DATA SUPPLIED:
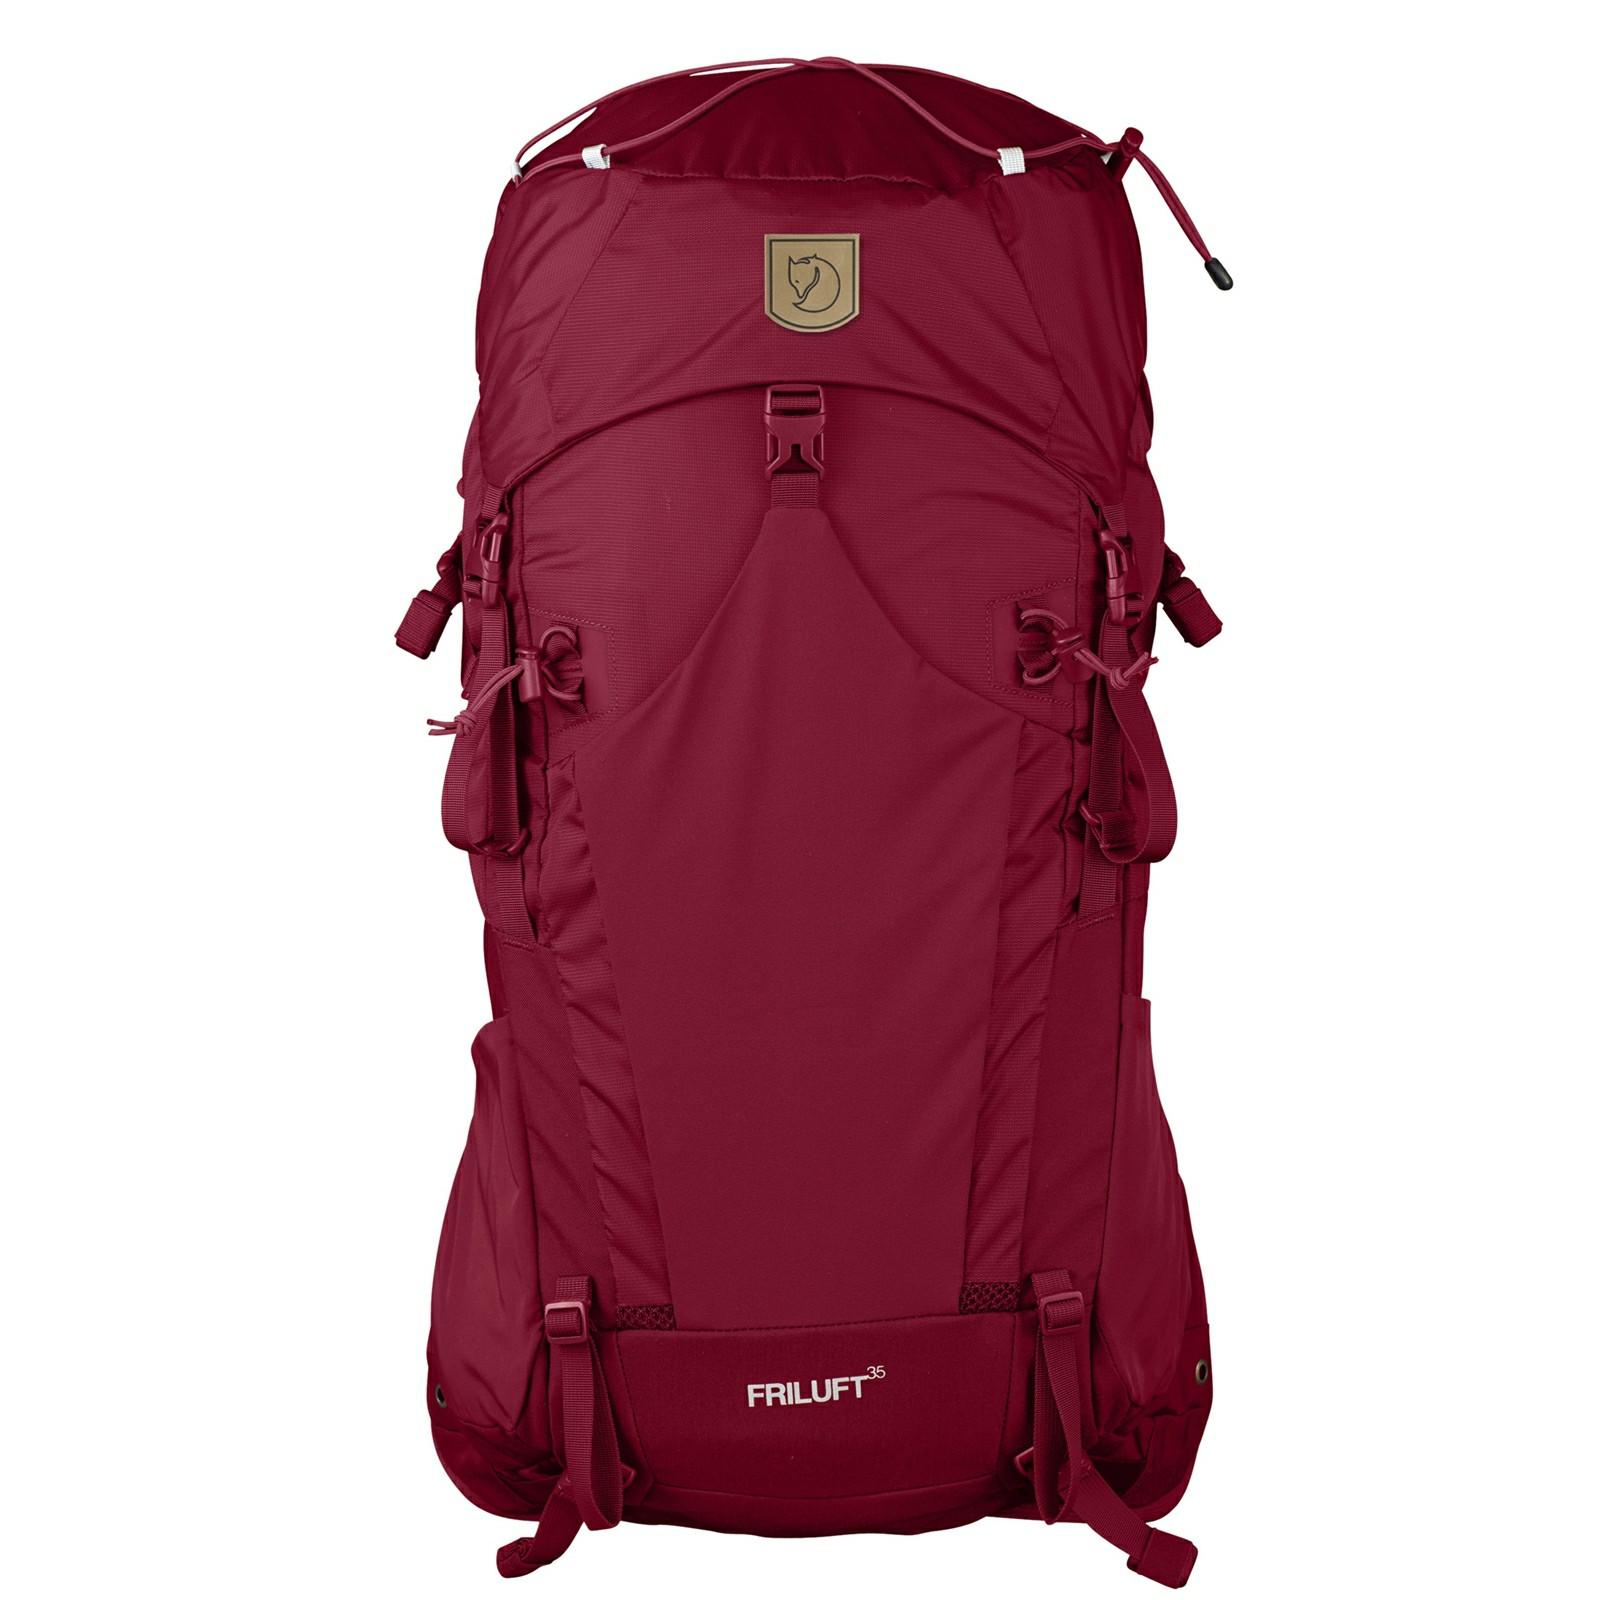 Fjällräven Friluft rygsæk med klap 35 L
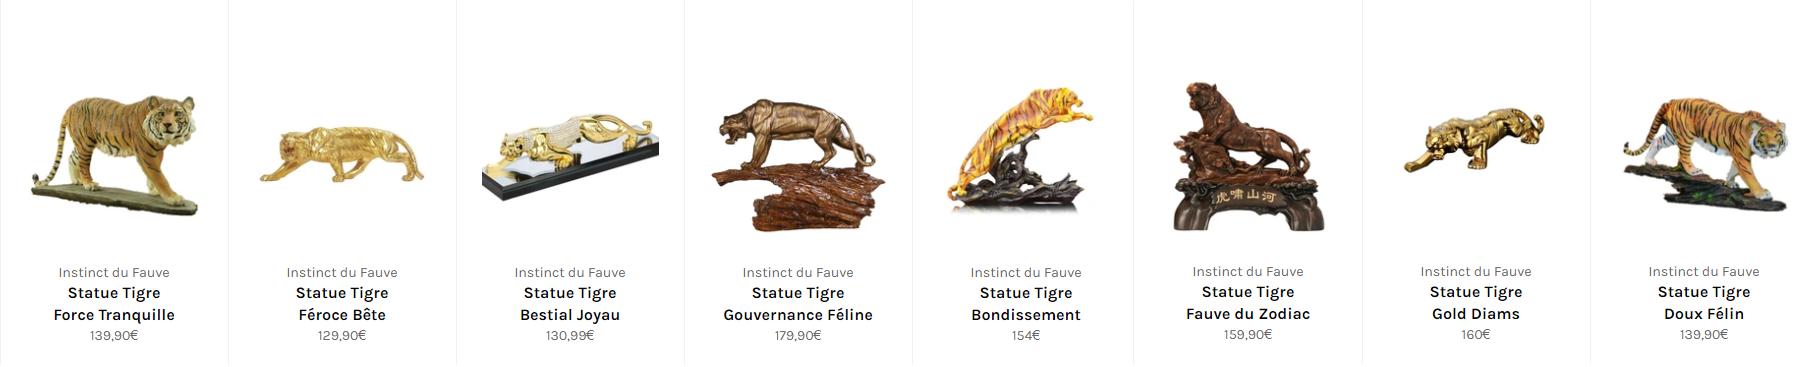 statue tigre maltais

==

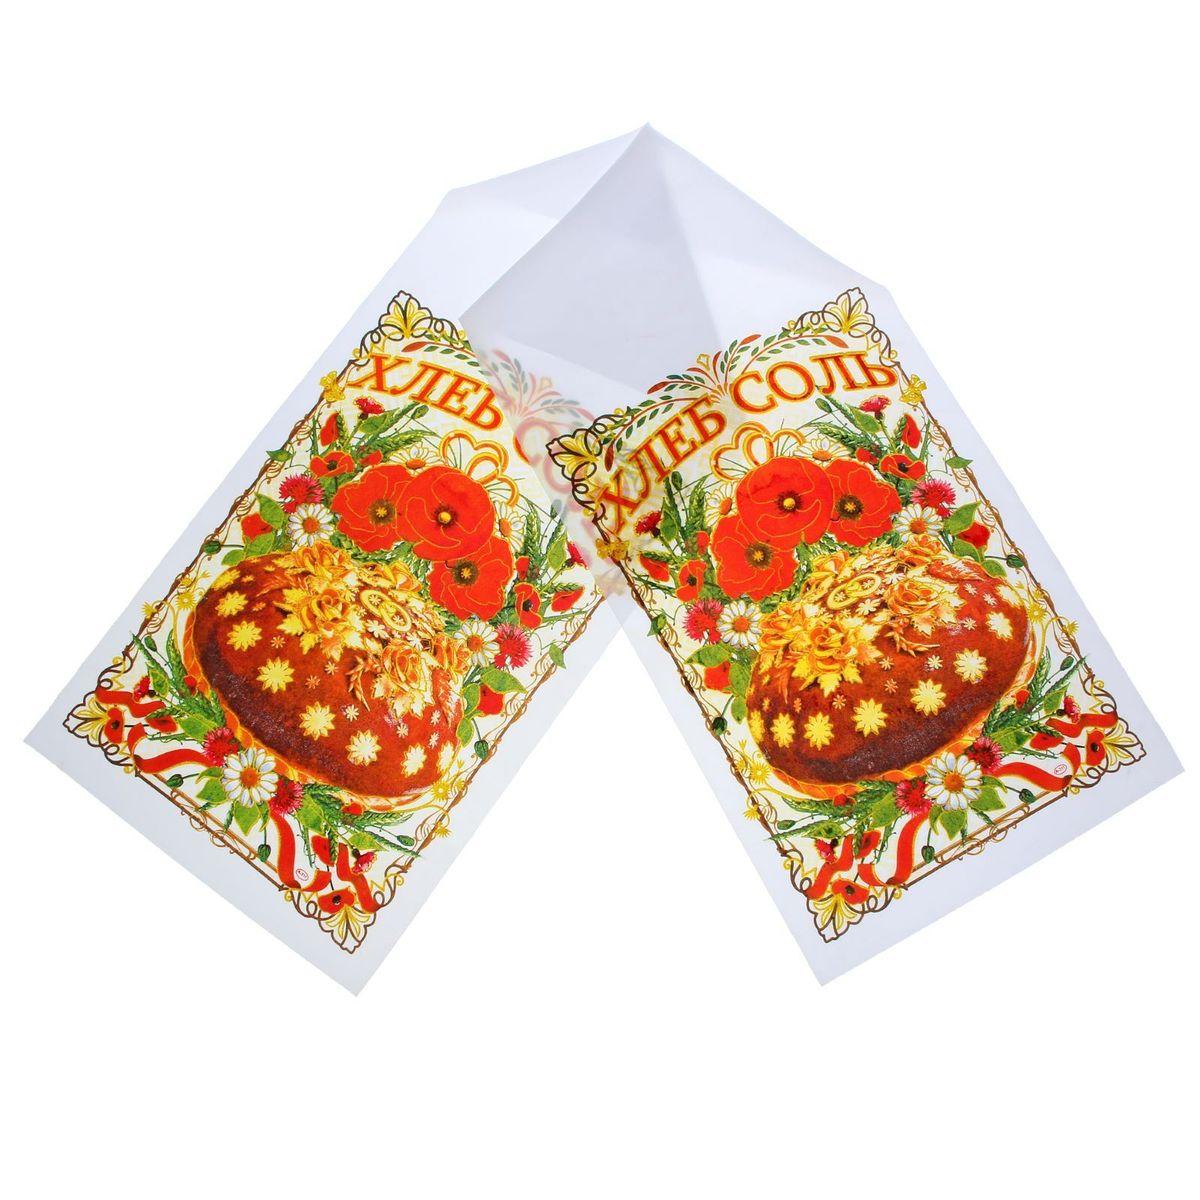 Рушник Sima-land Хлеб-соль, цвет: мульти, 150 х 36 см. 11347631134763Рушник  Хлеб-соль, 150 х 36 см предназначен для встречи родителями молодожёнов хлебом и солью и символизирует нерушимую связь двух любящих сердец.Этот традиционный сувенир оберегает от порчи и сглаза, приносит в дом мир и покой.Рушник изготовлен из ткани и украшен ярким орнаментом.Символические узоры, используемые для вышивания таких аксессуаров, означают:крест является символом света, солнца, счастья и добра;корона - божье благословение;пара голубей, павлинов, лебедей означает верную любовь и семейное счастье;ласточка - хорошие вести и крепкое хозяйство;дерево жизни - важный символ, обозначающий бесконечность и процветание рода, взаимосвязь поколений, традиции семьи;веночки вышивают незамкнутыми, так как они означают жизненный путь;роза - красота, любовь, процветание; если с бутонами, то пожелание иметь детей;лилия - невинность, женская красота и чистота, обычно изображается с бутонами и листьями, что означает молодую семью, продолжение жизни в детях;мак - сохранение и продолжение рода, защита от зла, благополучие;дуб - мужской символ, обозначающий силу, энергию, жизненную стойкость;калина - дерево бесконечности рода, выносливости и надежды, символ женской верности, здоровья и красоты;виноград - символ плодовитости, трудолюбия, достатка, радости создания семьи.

WORK REQUIRED:
Please return the data above exactly as it stands from the line with "Fjällräven Friluft rygsæk med klap 35 L" to the line with "statue tigre maltais", keeping both of those lines but none of the pictures.

ANSWER AREA:
 Fjällräven Friluft rygsæk med klap 35 L
 statue tigre maltais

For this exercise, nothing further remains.